The study sample included 50 blood donors. Detailed medical history of donors was taken to exclude any infection and disease in the collected samples. Written consent was also taken from them prior to donation regarding their acceptability for the tests to be carried out for the transfusion transmitted diseases. All the blood units were screened for Hepatitis B Virus (Hepalisa, J Mitra & Co. Pvt. Ltd., New Delhi, India) Hepatitis C Virus (HCV Microlisa, J Mitra & Co. Pvt. Ltd., New Delhi, India), Human Immunodeficiency Virus 1 and 2 (Microlisa - HIV, J Mitra & Co. Pvt. Ltd., New Delhi, India). Method used was Enzyme Linked Immunosorbent Assay (Elisa plate washer version 3 and Elisa plate reader version no. 1.300, Robonik Pvt. Ltd., Navi Mumbai, India). Syphilis was tested by Rapid Plasma Reagin (RPR) method (Span Diagnostic Ltd., Surat, India).
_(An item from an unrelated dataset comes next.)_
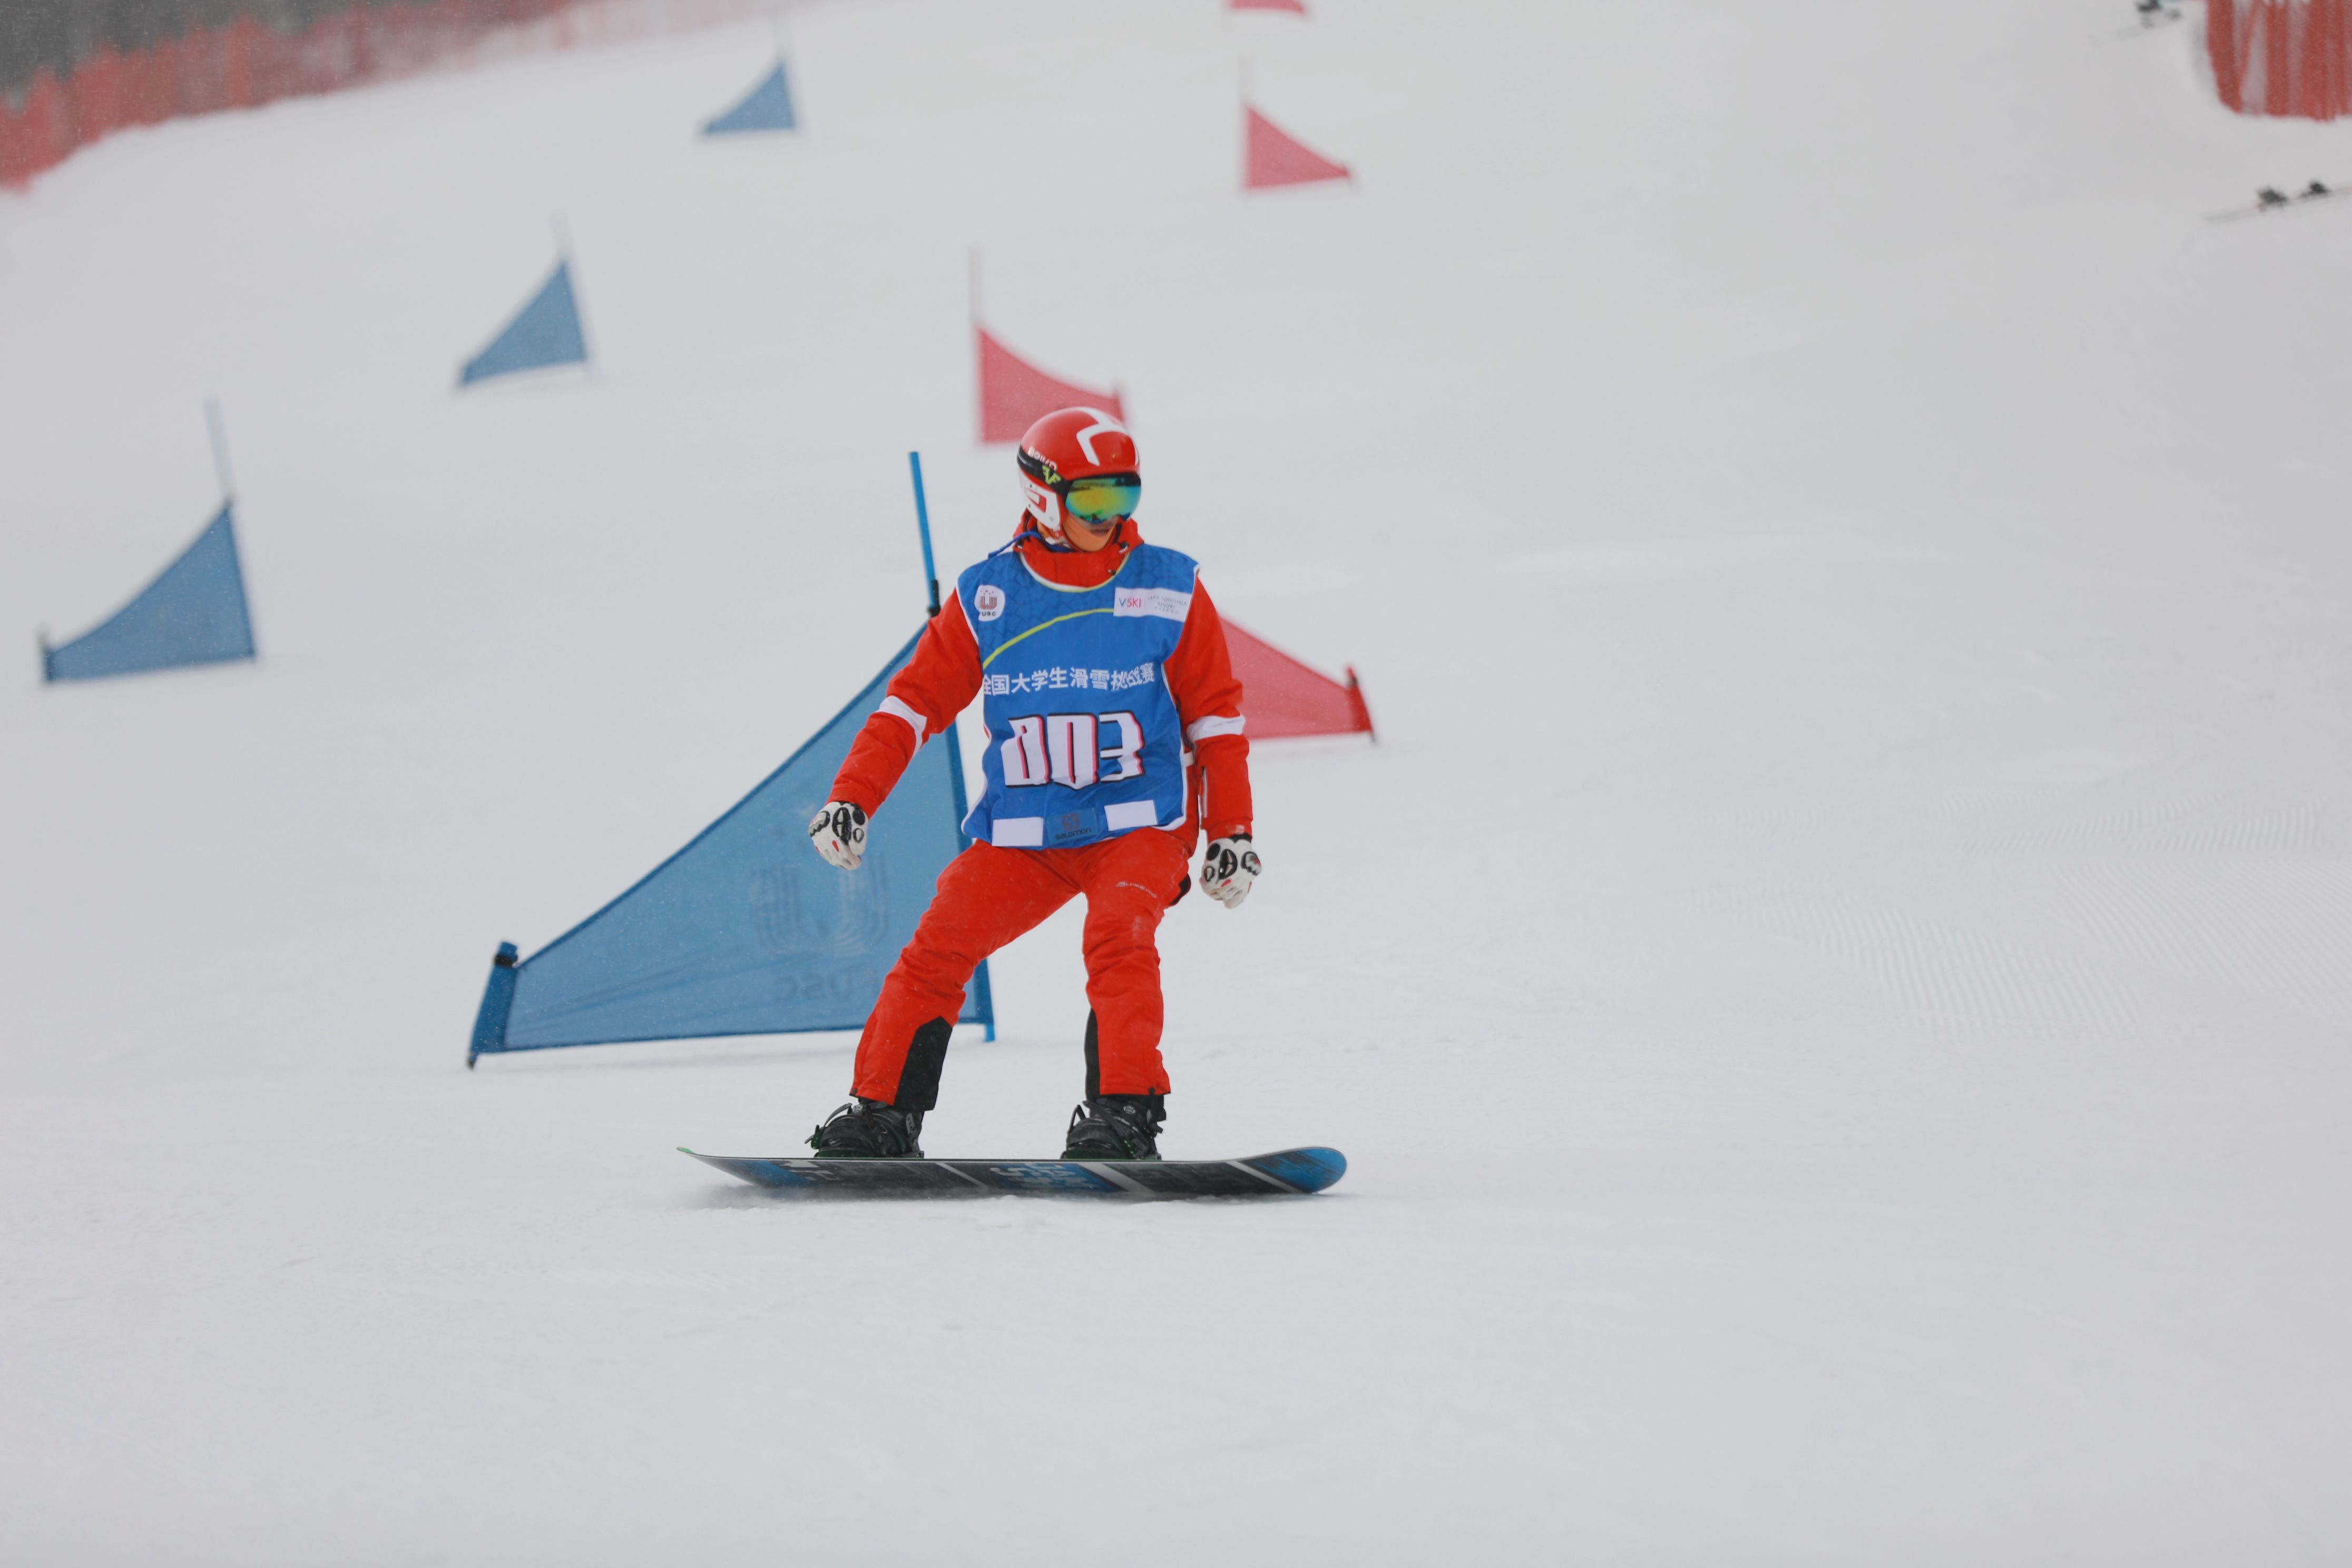 “万科杯”第8届全国大学生滑雪挑战赛（东北赛区）暨第31届世界大学生冬季运动会高山滑雪、单板滑雪项目选拔赛

Random donor platelets preparation: The Random donor platelets were prepared by platelet rich plasma (PRP) method. [13] The whole blood (350 ml) was collected in anticoagulant Citrate Phosphate Dextrose Adenine (CPDA) triple blood bags (HL Hemopack, Hindustan Latex Ltd. Kerala, India). After a resting time of 30 minutes, the whole blood was centrifuged in a Cryofuge 6000i (Heraeus-Kendro, Hanau, Germany) at 1750 g for eight minutes at 22°C to obtain platelet rich plasma (PRP). The obtained PRP was again centrifuged at 3850 g for eight minutes under same experimental conditions. After the final centrifugation, the supernatant platelet poor plasma (PPP) was separated, and the residual pellet with the platelets was resuspended in a mean volume of 50±0.9 ml of plasma. For storage of platelets in additive solution, 10-15 ml of plasma was left with the platelet concentrates, and eight ml of additive solution was added to every two ml of platelet concentrate to give an expected final concentration of 80% additive solution and 20% plasma. The volume of additive solution and stored platelets had a mean volume of 50±1 ml. Platelet additive solution contains 5.26 gm sodium chloride, 5.02 gm sodium gluconate, 2.22 gm sodium acetate anhydrous, 0.373 gm potassium chloride, 0.305 gm magnesium chloride hexahydrate, 3.213 gm sodium citrate. [14] Random donor platelet was placed in a platelet incubator (Remi Instruments Ltd., Mumbai, India) with continuous agitation at 70 cycles/minutes during storage at 22°C.

In vitro platelet assay: Sampling was done on days 0, 5 and 7 under sterile condition in biosafety cabinet grade II. Platelet count, mean platelet volume (MPV) and platelet distribution width (PDW) was done by automated cell counter (MS4, Blood cell counter, Anand Group, HD Consortium, India). Lactate dehydrogenase (LDH) determination was conducted on random donor platelets samples: random donor platelets (1 ml) were centrifuged at 3000g for five min. The supernatant was used to quantify the LDH by Semi Automated, Microlab 300 (Merck Specialties Pvt. Ltd., Goa, India). Glucose determination was done by centrifuging 1 ml of random donor platelets in fluoride oxalate vial at 3000g for five min. The supernatant was used to quantify the glucose by Erbachem 5 Plus analyzer (Erba Diagnostic Mannhein Gmbh, Mannhein, Germany). The pH of all samples was assessed immediately after sampling at a temperature of 24°C using the Compla pH meter (Composite Lab Line Pvt. Ltd, Lucknow, India). The platelet aggregation was determined by the optical method [15] using a flat-bottom aggregometer (Chornolog-Corporation, Havertown, PA). The functional study of random donor platelets was performed by the platelet aggregation, using as an agonist 5 µM adenosine di phosphate (ADP) (Amresco, Solon Ind. Pkwy. Solon, OH) at different storage periods. Aerobic culture was performed for all the samples on day 0, day 5 and day 7 using direct plating and Robertson Cook medium (RCM) simultaneously. In direct plating, 25 µl samples was streaked on nutrient agar plate and MacConkey agar and incubated at 37°C for 48 hours. If growth occured in the medium, further identification of bacterial species was done by using standard laboratory techniques [16] and if no growth occured then the sample was considered as sterile. In RCM, we placed a drop containing 25 µl of sample on Robertson Cook medium and the plate was incubated for 72 hours at 37°C. When turbidity was observed in the sample, it was further processed according to direct plating method. Further result of RCM method was matched with result of direct plating, this ensured whether our direct plating method was performed correctly or not.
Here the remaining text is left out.